I was scared to have another bowl, but it tasted so good, I couldn't resist! While I was eating my second bowl of the fibrous delight, I happened to look at the side of the box. This was when I realized... a bowl and a serving of cereal are two very different things. I started to do the math: if I was eating two bowls a day, that would be about two servings per bowl, which would be four servings a day. Thirty-five percent of your daily value of fiber per serving... that's 140% of your daily value of fiber per day! And that doesn't include all the other fiber you eat throughout your day! I knew I was in for some excitement.

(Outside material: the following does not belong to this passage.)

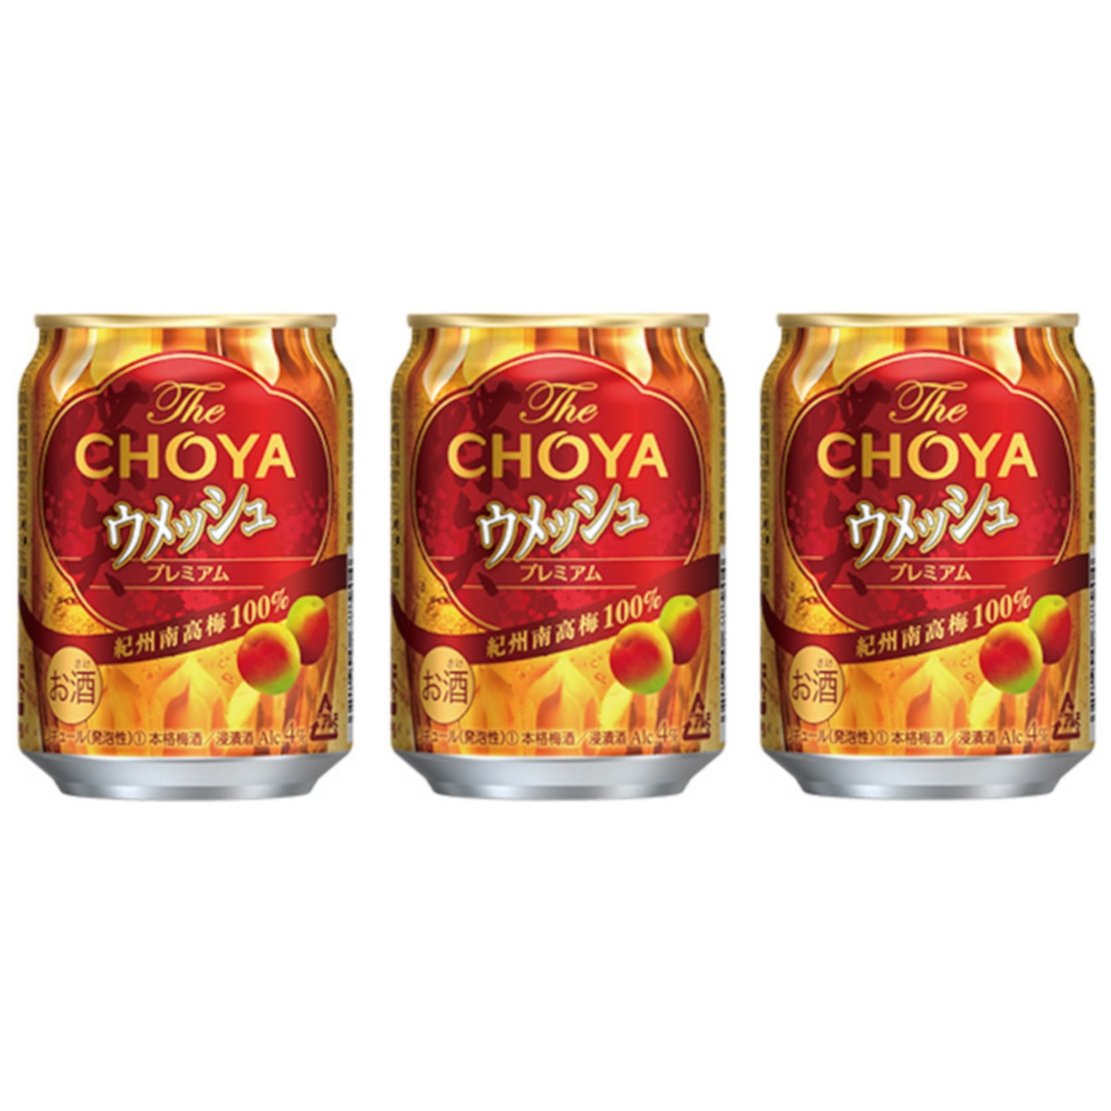 Choya Sparkling Umeshu 250ml - 3 Pack - Calia Australia Pty Ltd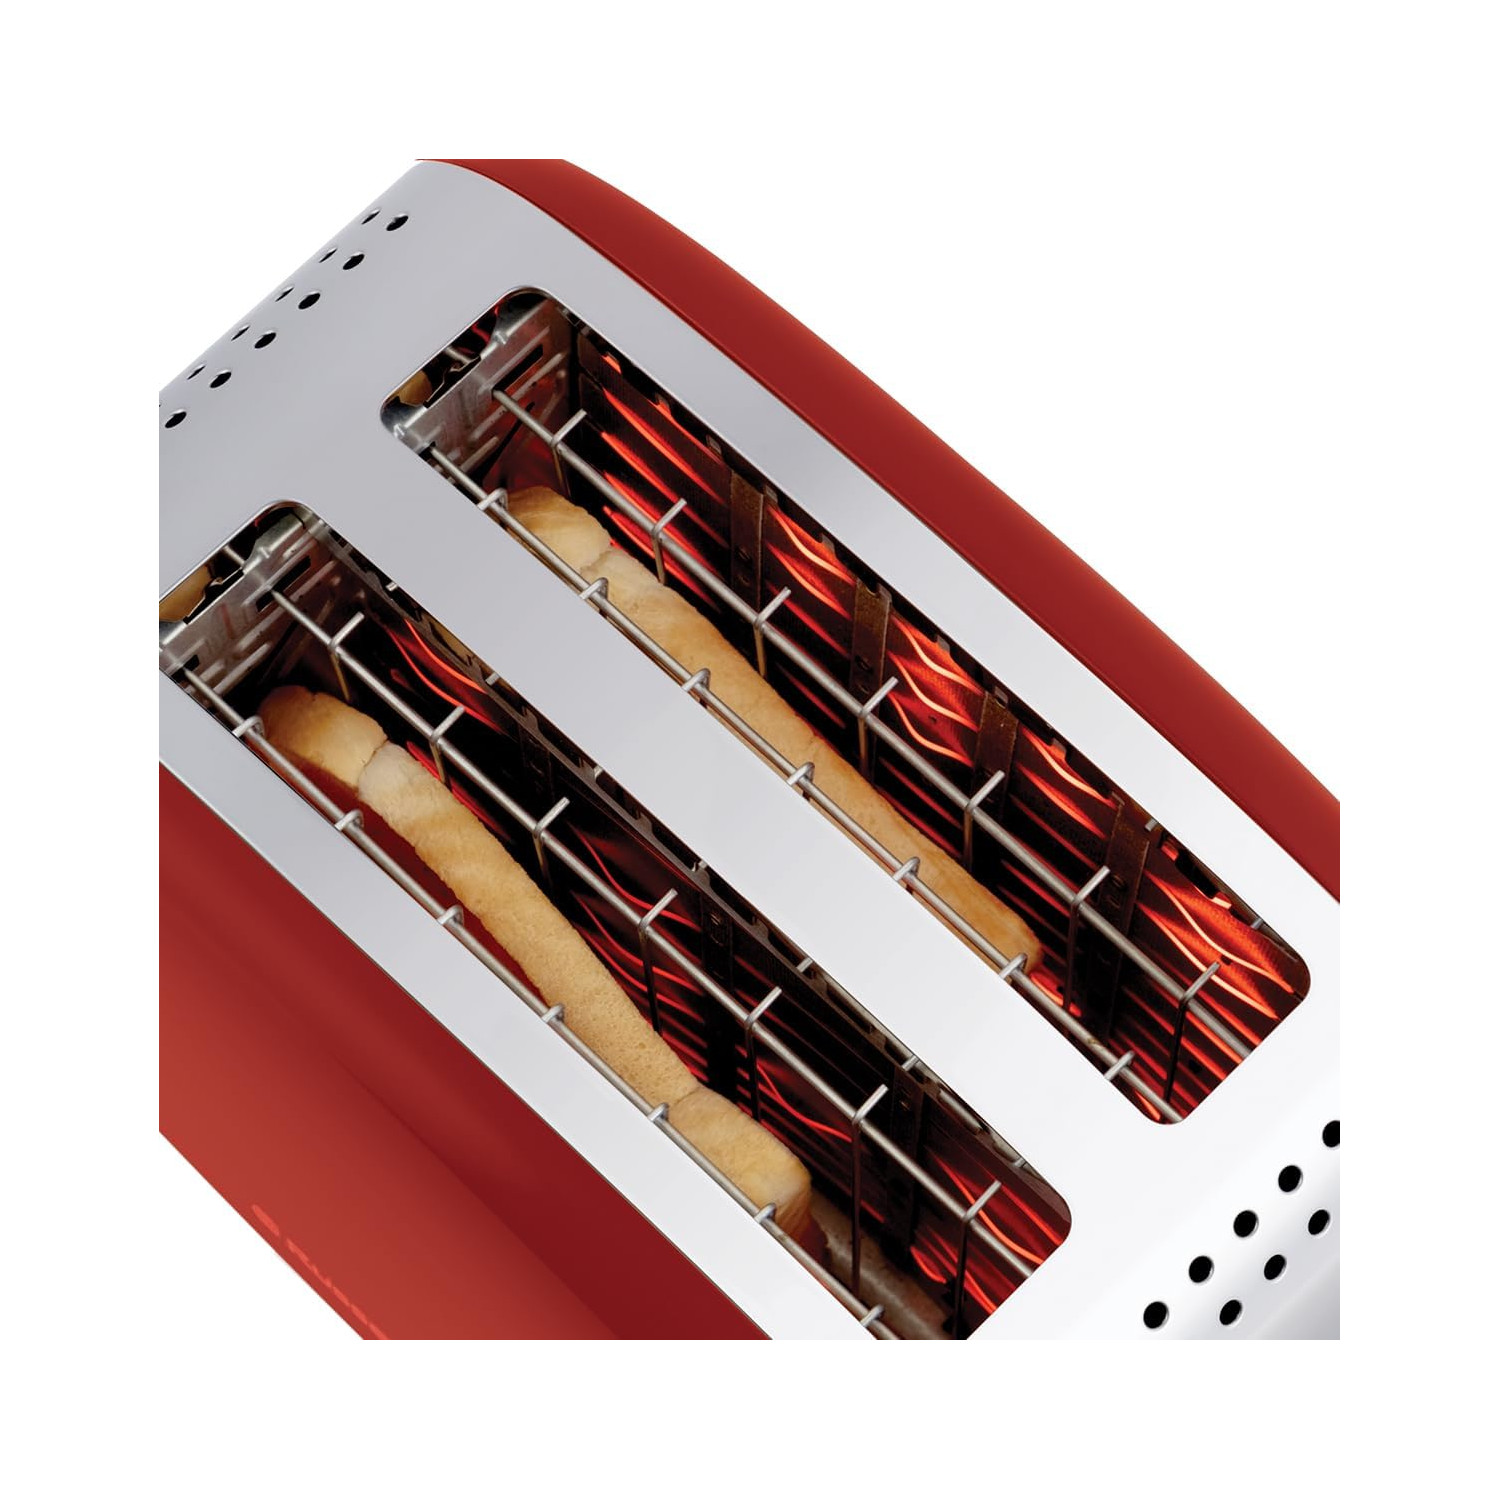 Schlitze: Plus Colours HOBBS 26554-56 Toaster Watt, RUSSELL 2) (1600 Rot Rot

It wasn't until the following day that I realized how unhealthy my diet had been up until this point. I pooped EIGHT TIMES in one day. And it wasn't diarrhea, it was solid shit. How much of that was excrement from when I was in high school?! I was still letting loose from my caboose for another three days. I was glad to cleanse myself like that, but I do not want to go through another week like that again.

I will not be eating that much fiber again anytime soon, but I feel like if I stay on top of my daily fiber intake, I won't have to. I won't have nearly as much old waste just waiting to rear its ugly head as a tumor. My colon will be as smooth as an airport runway, and remain intact until I die... from lung cancer due to my smoking.